ON THE MECHANISM OF THE DEMJANOV REACTION

On the basis of a study of the isomerization of alkyl cations with migration of hydride ions \((^{1-3})\), we earlier \((^2)\) put forward the supposition that in molecules of cyclohexanol, formed by the action of nitrous acid on cyclohexylamine, the hydroxyl group is bonded not only to the carbon atom to which the amino group was bonded in the initial cyclohexylamine molecule.

In the present work we have confirmed this supposition experimentally. Labeled cyclohexylamine, in which \(C^{14}\) is bonded to nitrogen*, was synthesized according to the following scheme:

\[ \begin{gathered} \mathrm{Br(CH_2)_5Br} \xrightarrow[\text{(2) hydrolysis}]{\text{(1) }K C^{14}N} \mathrm{HOOC}^{14}\mathrm{(CH_2)_5C}^{14}\mathrm{OOH} \xrightarrow[\text{heating}]{\mathrm{BaCO_3}} {}^{14}\mathrm{O{=}cyclohexanone} \\ \xrightarrow[\text{skeleton Ni}]{\mathrm{HCONH_2,\ HCOOH}} {}^{14}\mathrm{cyclohexyl{-}NH_2} \end{gathered} \]

The interaction of cyclohexylamine perchlorate, in which \(C^{14}\) is bonded to the amino group, with nitrous acid leads to the formation of a mixture of cyclohexanol and cyclopentylcarbinol

\[ {}^{14}\mathrm{cyclohexyl{-}NH_2\cdot HClO_4} \xrightarrow{\mathrm{HNO_2}} \mathrm{cyclohexanol} + \mathrm{cyclopentyl{-}CH_2OH} \]

To establish the position of the radiocarbon \(C^{14}\) in the cyclohexanol molecule, the latter was subjected to the following degradation:

\[ \mathrm{cyclohexanol} \xrightarrow{\mathrm{O}} \mathrm{cyclohexanone} \xrightarrow{\mathrm{HN_3}} \mathrm{HOOC(CH_2)_5NH_2} \xrightarrow{\mathrm{HN_3}} \mathrm{H_2N(CH_2)_5NH_2} + \mathrm{C}^{14}\mathrm{O_2} \quad \text{radioactive} \]

Pentamethylenediamine proved to be radioactive** \((3.7 \pm 0.3\%\) of the activity of cyclohexanone).

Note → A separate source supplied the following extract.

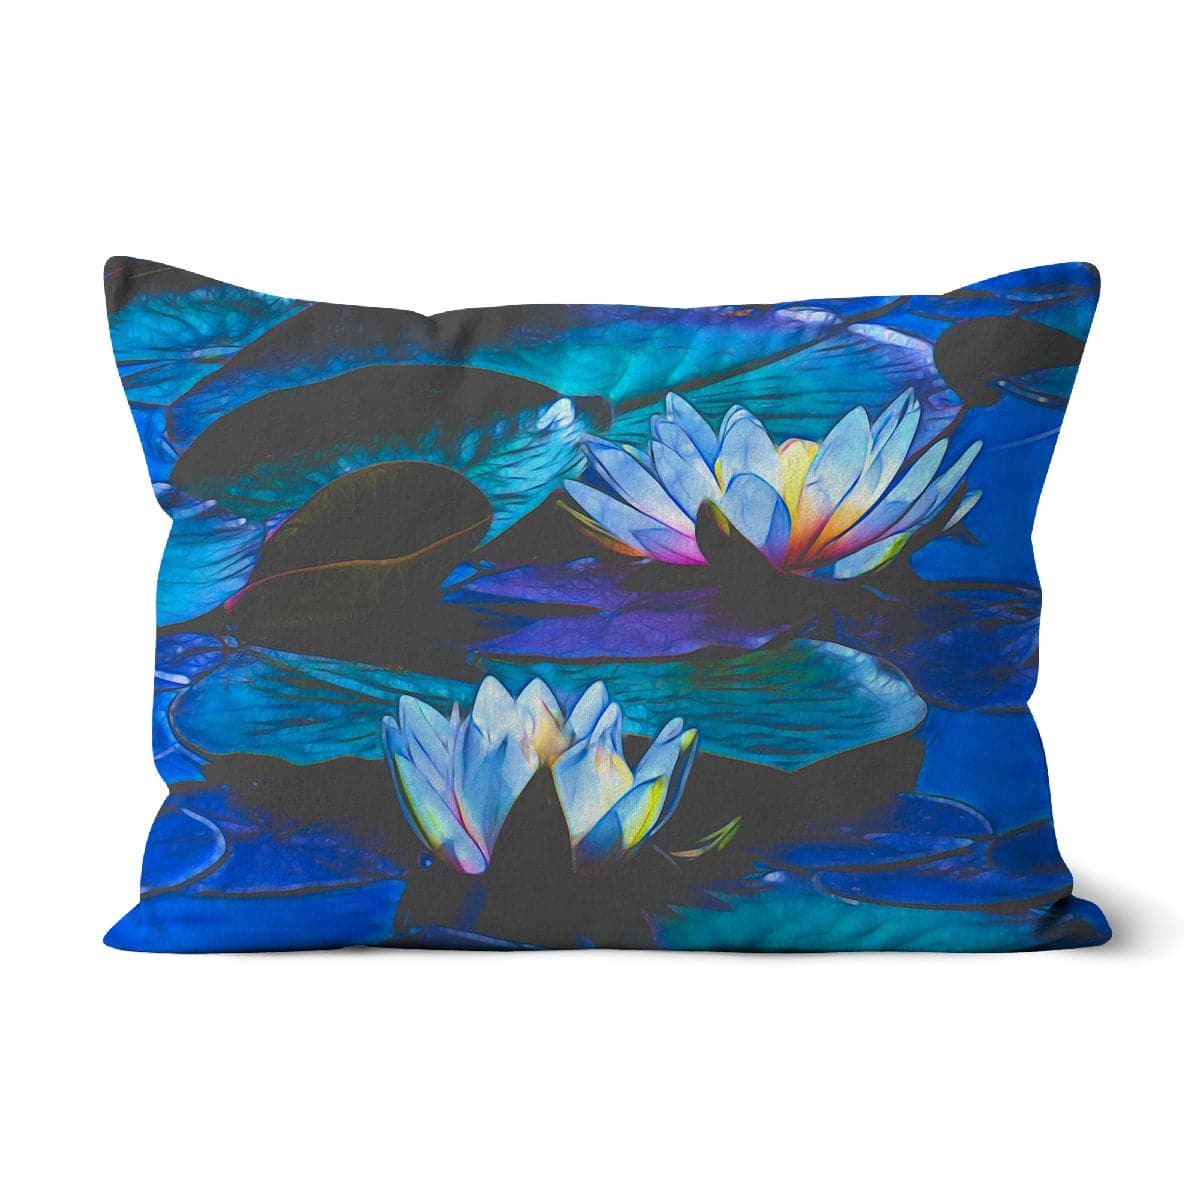 Blue waterlilies _3 Cushion

This means that in some molecules of cyclohexanol the hydroxyl is bonded not to the carbon atom to which the amino group was bonded in the initial cyclohexylamine molecule.

* In order to make certain that cyclohexylamine was labeled with \(C^{14}\) only at the carbon bonded to nitrogen, the following degradation was carried out: cyclohexylamine was oxidized to cyclohexanone; the latter, under the action of hydrazoic acid, was converted into \(\delta\)-amino-\(n\)-caproic acid and then into pentamethylenediamine, which proved to be nonradioactive

\[ {}^{14}\mathrm{cyclohexyl{-}NH_2} \xrightarrow{\mathrm{O}} {}^{14}\mathrm{cyclohexanone} \xrightarrow{\mathrm{HN_3}} \mathrm{HOOC}^{14}\mathrm{(CH_2)_5NH_2} \xrightarrow{\mathrm{HN_3}} \mathrm{H_2N(CH_2)_5NH_2} + \mathrm{C}^{14}\mathrm{O_2}. \]

\[ \text{nonradioactive} \]

** The low percentage of rearrangement of the cyclohexyl cation is possibly explained by the fact that it reacts very rapidly with the solvent, giving cyclohexanol. An analogous explanation is given by Streitwieser and Coverdale \((^4)\) for the fact that in the reaction of cis-cyclohexylamine-2-D perchlorate with nitrous acid, not less than 94% cis-cyclohexanol-2-D is formed.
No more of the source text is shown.